2) If iparm(63) = 8920, it means that OOC PARDISO needs minimum 9 MB of RAM on numerical factorization and solution phases, that is OOC_MAX_CORE_SIZE should be more than 9 at least.
3) 1024 * max(iparm(15), iparm(16) + iparm(63)) + n*nrhs*32 is the minimum size of needed RAM in bytes for OOC PARDISO
4) 1024 * max(iparm(15), iparm(16)+iparm(17)) + n*nrhs*32 is the total peak of used memory in bytes for In-core PARDISO.
5) There is no reference about n*nrhs*32. It is not documented.
6) You did not write about iparm(16), iparm (15) and OOC_MAX_CORE_SIZE.
I can say only that if you have less than 2,4 GB available (free) RAM, but OOC_MAX_CORE_SIZE is more than 2400 and OOC PARDISO is used then swapping files will be happened.
If you use In-core PARDISO and available RAM is less than 2,4 GB then swapping files will be happened irrespective of the any value of OOC_MAX_CORE_SIZE.
I think I've got it worked out now. I just want the "best" or even "reasonable" performance.
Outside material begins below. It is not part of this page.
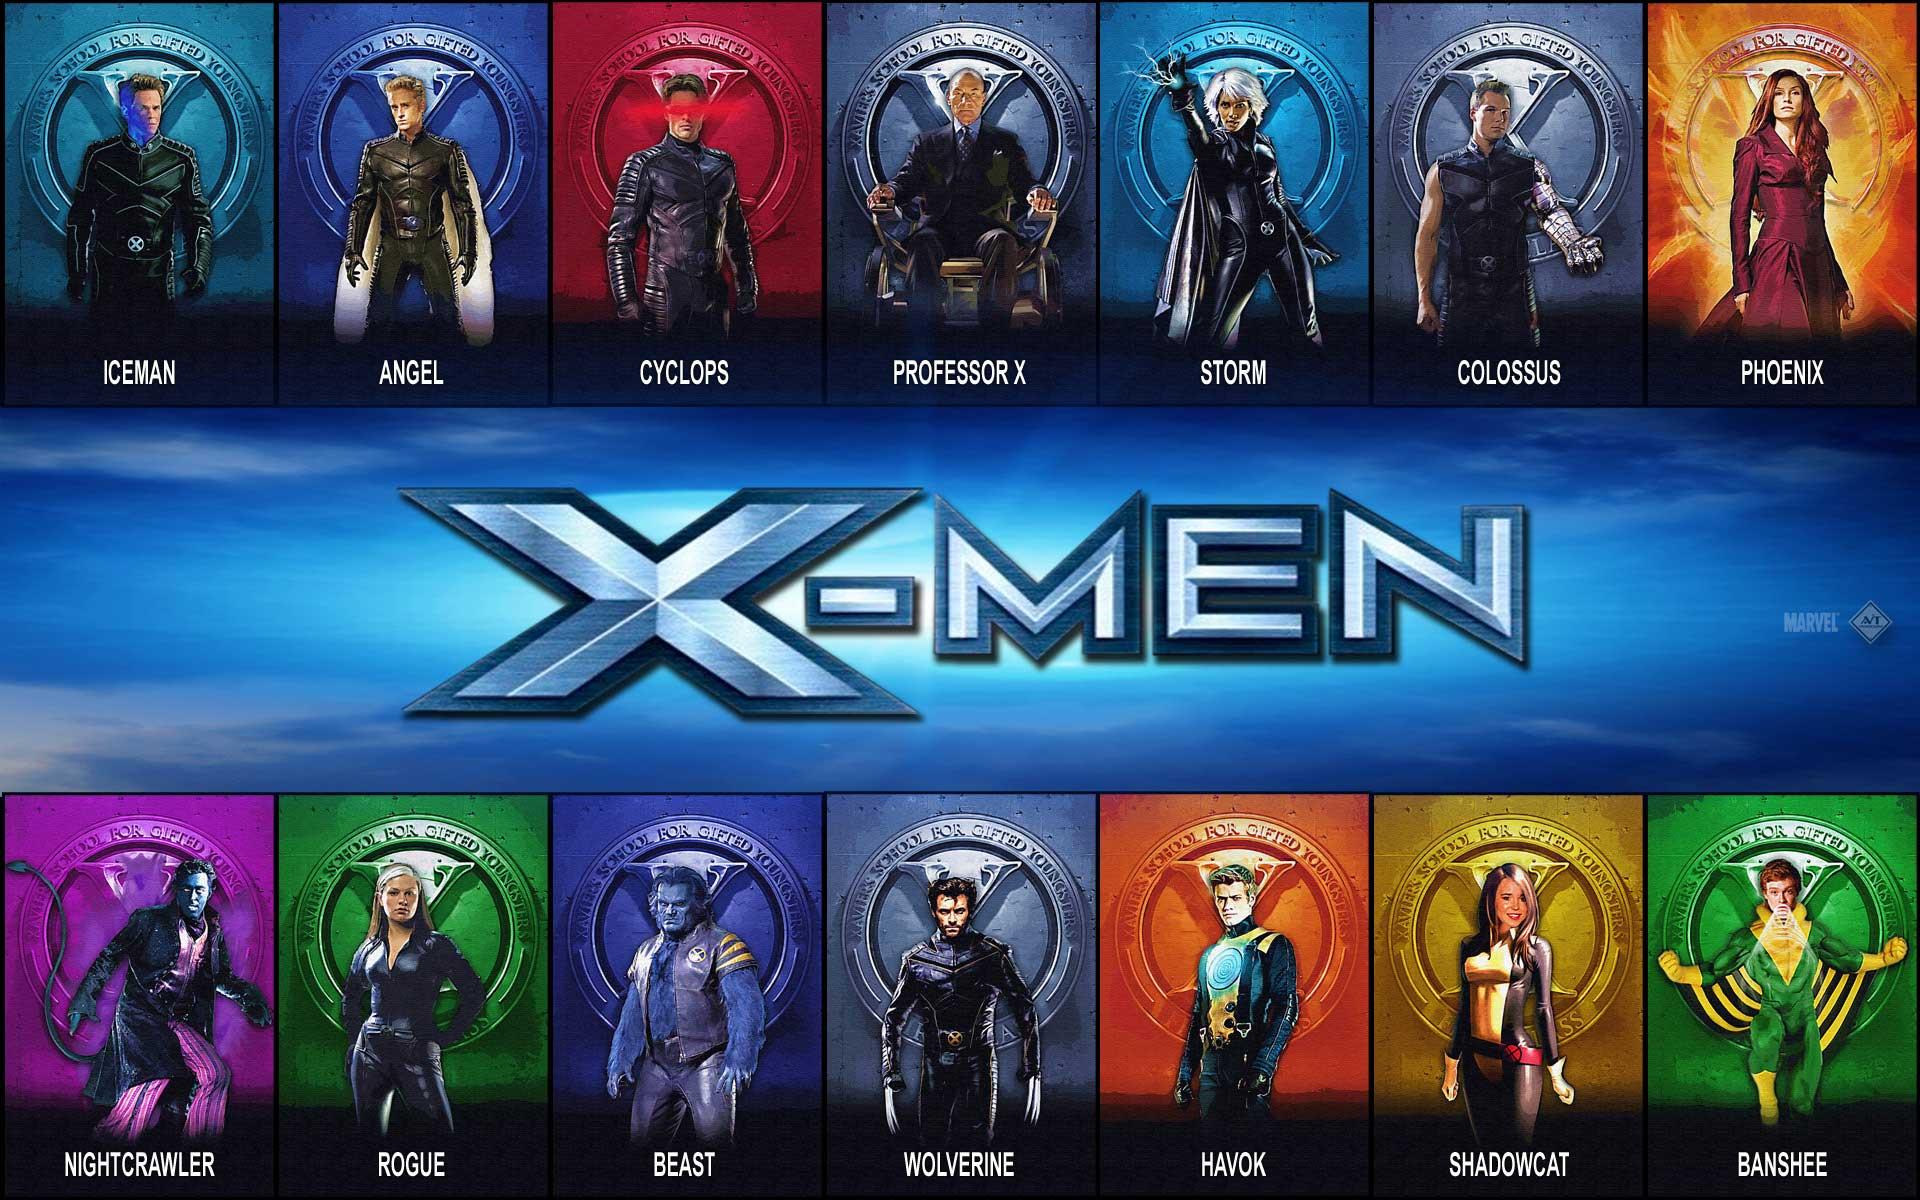 download XMen Apocalypse Movie Wallpaper MyMovieWallpapers 1920x1200
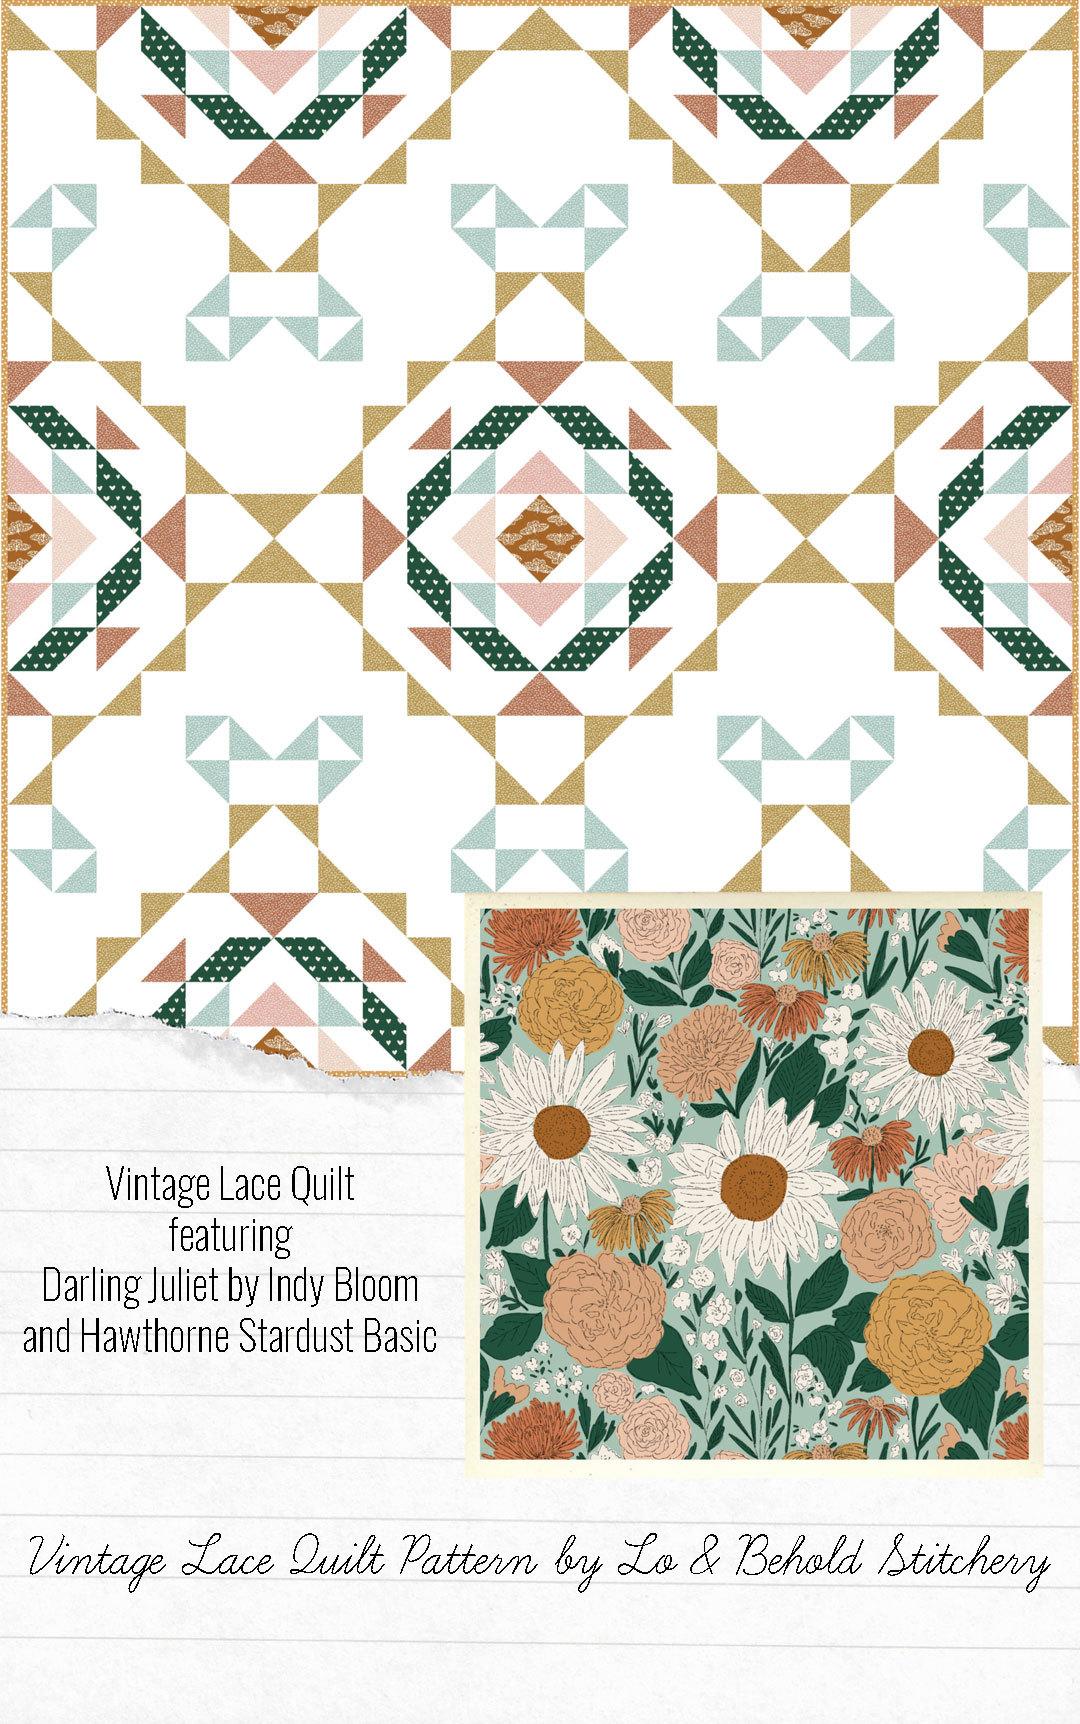 Darling-Juliet-Vintage-Lace-Quilt-Indy-bloom

That means it should use IC if there's enough RAM and OOC if there isn't.
I'm using your step 4 to decide if there's enough RAM for in-core, then calling pardiso with iparm(60)=0 or 2 accordingly. I don't use iparm(60)=1 at all because I can't get it to work for different reasons in each version of MKL. It's easier to just have my sofware make the decision.
iparm(15) and (16) give relatively small numbers so I'm not too worried about them.